— Да уж. — Максим качнул головой. — История…
— Так я к чему ее рассказал-то? Там, среди гостей Валькиных, и Гришка Гнус был. Не один, с марухой своей тогдашней — Ленкой Аптекаршей. Я вот и думаю: может, он и сейчас у нее залег? Адрес я знаю…
* * *
На это раз не рисковали, в дом ворвались втроем — Макс, опер и Трушин. Да еще дээндэшников прихватили, но те на улице ждали.
Гришка Гнус там и оказался — у марухи своей. Маруха где-то шлялась, а Гришка сидел себе преспокойно на скрипучем диванчике да попивал чаек…
Чашка так в угол и покатилась!
Нет, его не били… Даже не пугали. Просто сели у столика и значительно так посмотрели… Гришка все и рассказал. Дескать, как-то ночевал в том подвале с одним знакомым, и вот так же задрожало все, чудище трехглазое появилось, приятеля завалило, а Гришку в живых оставило, мало того — браслетик золотой подарило и сказало, чтоб еще приводил людишек… лучше всего тех, кого искать не будут. Вот он и приводил…
— Не своей волей, господа хорошие, боялся я его очень!
— Сказало? — удивленно переспросил Трушин. — Оно что же, чудище это, по-русски говорить умеет?
— Не совсем чисто, так… Но понять можно…
Гришка вдруг захрипел и, схватившись за грудь, повалился на пол.
— Полундра-а-а! — почему-то на флотский манер заорал «лесовик».
И было отчего орать — в Гришкиной груди, пронзив бедолагу насквозь, торчала длинная увесистая стрела.
— Через форточку подстрелили, — осторожно выглядывая в окно, произнес Макс. — Во-он с той крыши…
Оп!
Висевшая под потолком тусклая лампочка вдруг замигала и погасла. А где-то неподалеку вдруг прогремел гулкий взрыв…

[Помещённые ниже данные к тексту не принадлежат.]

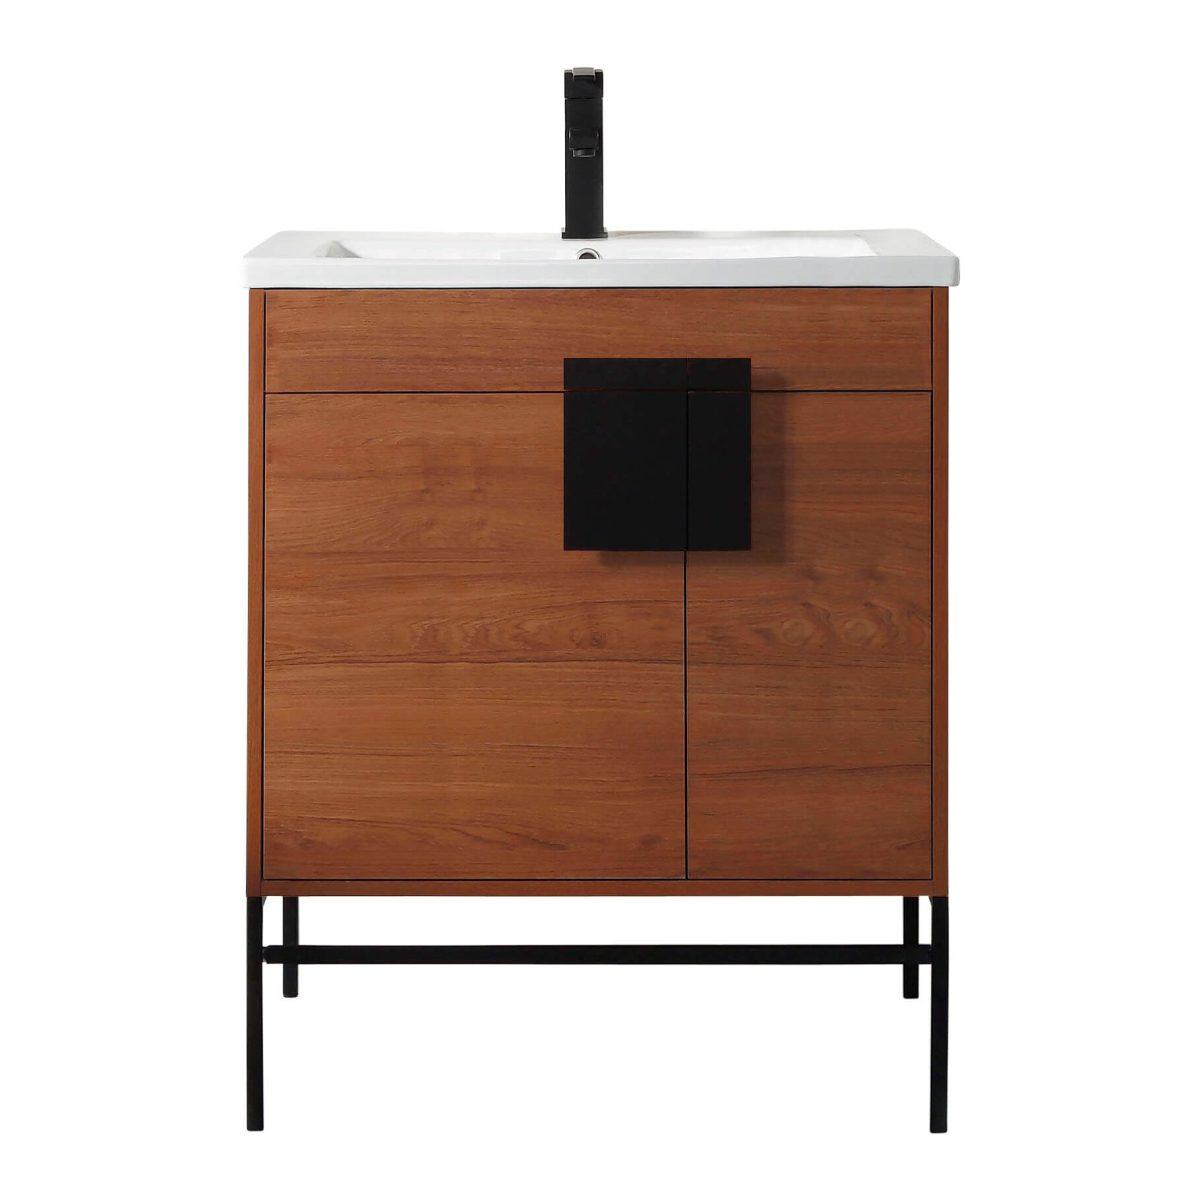 "Shawbridge 30"" Modern Bathroom Vanity  Spicy Walnut with Black Hardware"

— Станцию рванули… — тихо произнес Трушин. — Теперь все. Амба!
Глава 6
Зима
Вот грустная картина!
О, разве ты не страждешь,
Когда все так печально?
Поль Верлен. «Упавшая наземь любовь»
Вот с этого момента в городке и начался самый настоящий кошмар. Не стало электричества, в многоэтажках перестал работать водопровод, отключилось отопление. Многие, у кого были родственники или хорошие знакомые в частных домах, — перебрались к ним, хотя бы на зиму. Переселяясь, увозили на санках все самое ценное из своих брошенных, никому уже не нужных квартир — некоторые волокли даже телевизоры, все никак не могли осознать, что это давно уже просто мусор.
Несмотря на ДНД — весьма, кстати, малочисленную, — резко активизировались мародеры: сбиваясь в свирепые шайки, они вскрывали опустевшие квартиры в надежде хоть чем-нибудь поживиться… Напрасные хлопоты! Продукты никто не бросал, да и вообще запасы консервов повсеместно подходили к концу, начинался самый настоящий голод.
Тихомиров еще по осени очень удачно обменял свой «рено» на печку-буржуйку, которые с приближением холодов принялись делать и продавать какие-то умельцы. С дровами пока особых проблем не было — лес рядом, да и в запущенных городских скверах хватало сухих деревьев — пили, руби, не ленись. Пила у Макса имелась — ножовка, пока управлялся и ею.
Еще спасало то, что начало зимы выдалось почти по-весеннему теплым, днем даже иногда шли дожди, но вот по ночам все же подмораживало, и в нетопленой квартире пришлось бы совсем худо.
В один из таких дней Максим вновь отправился к сестре, он вообще навещал ее довольно часто, уж куда чаще, чем раньше, в «старые добрые времена». Хмурые низкие тучи затянули желтое небо, падал мокрый снег. Укрываясь от ветра, молодой человек поднял воротник, надвинул на самые глаза вязаную спортивную шапку, отвернулся… И уперся глазами в заклеенный рукописными объявлениями забор.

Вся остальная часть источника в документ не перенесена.